To estimate trends in numbers of and Medicare payments for hip, knee, and shoulder arthroplasties for beneficiaries with osteoarthritis (OA) and potential savings to Medicare from arthroplasty during followup.


The analysis was based on longitudinal 5% Medicare enrollment and claims data for 1992–2010. The analysis of changes in Medicare payments attributable to total arthroplasty receipt used propensity score matching to obtain beneficiary control groups matched on demographic characteristics, general health, joint pain, and Medicare payments by major condition in the year preceding the index arthroplasty. An average treatment effect on the treated (ATT) overall and for each major condition was calculated for payments for care 7–36 months following the index arthroplasty procedure.
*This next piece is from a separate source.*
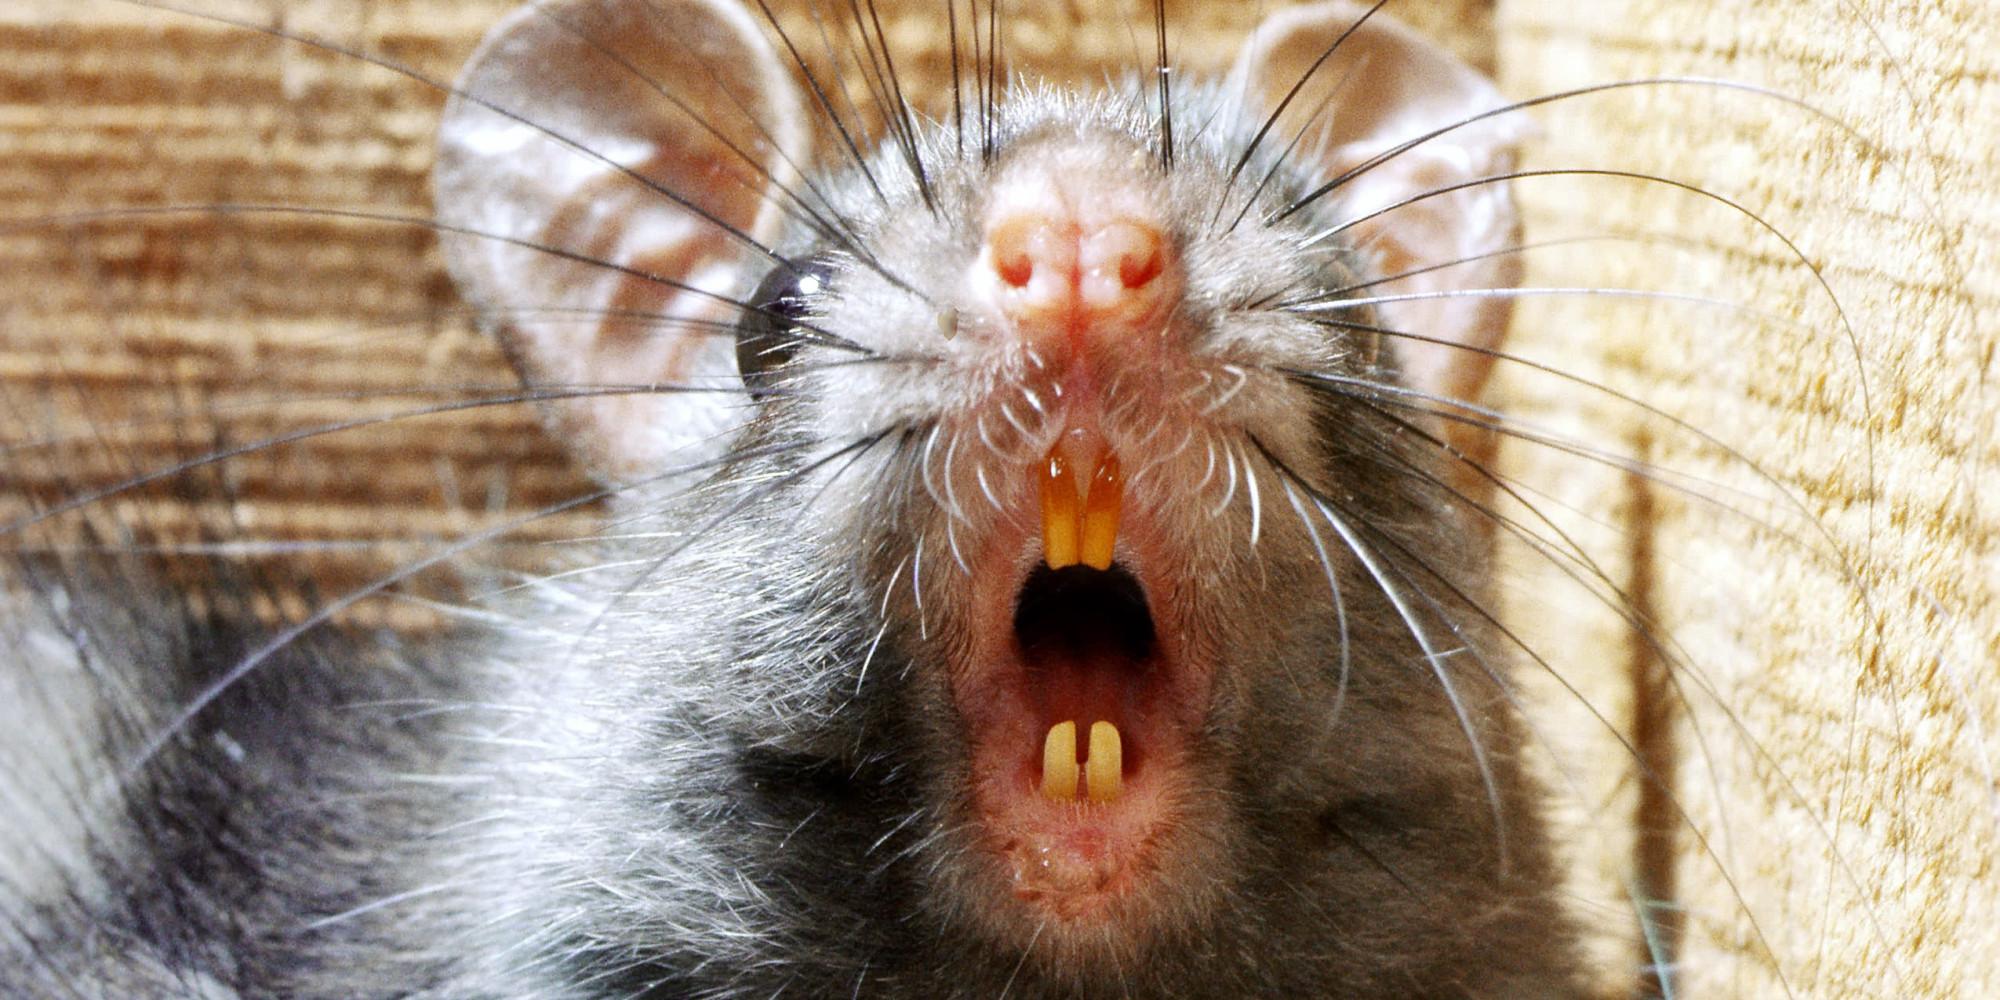 Black rat threatening with teeth bared

Growth in incident OA diagnoses of the hip, knee, and shoulder was substantially higher than growth in real Medicare spending on hip, knee, and shoulder arthroplasties. ATTs showed a mean saving to Medicare of $471/beneficiary/procedure for hip, no difference for knee, and a payment increase of $1,062 for shoulder arthroplasty during followup. For hip arthroplasty, the largest savings was for the circulatory system. For shoulder arthroplasty, increased payments during followup reflected increased payments for musculoskeletal care, especially for hip and knee arthroplasty. Overall, payment differences during followup by major condition were small.


Provision of hip but not knee and shoulder arthroplasty generated savings to Medicare during followup, but even for hip arthroplasty, the cost offset during followup was small relative to the program cost for the procedure itself.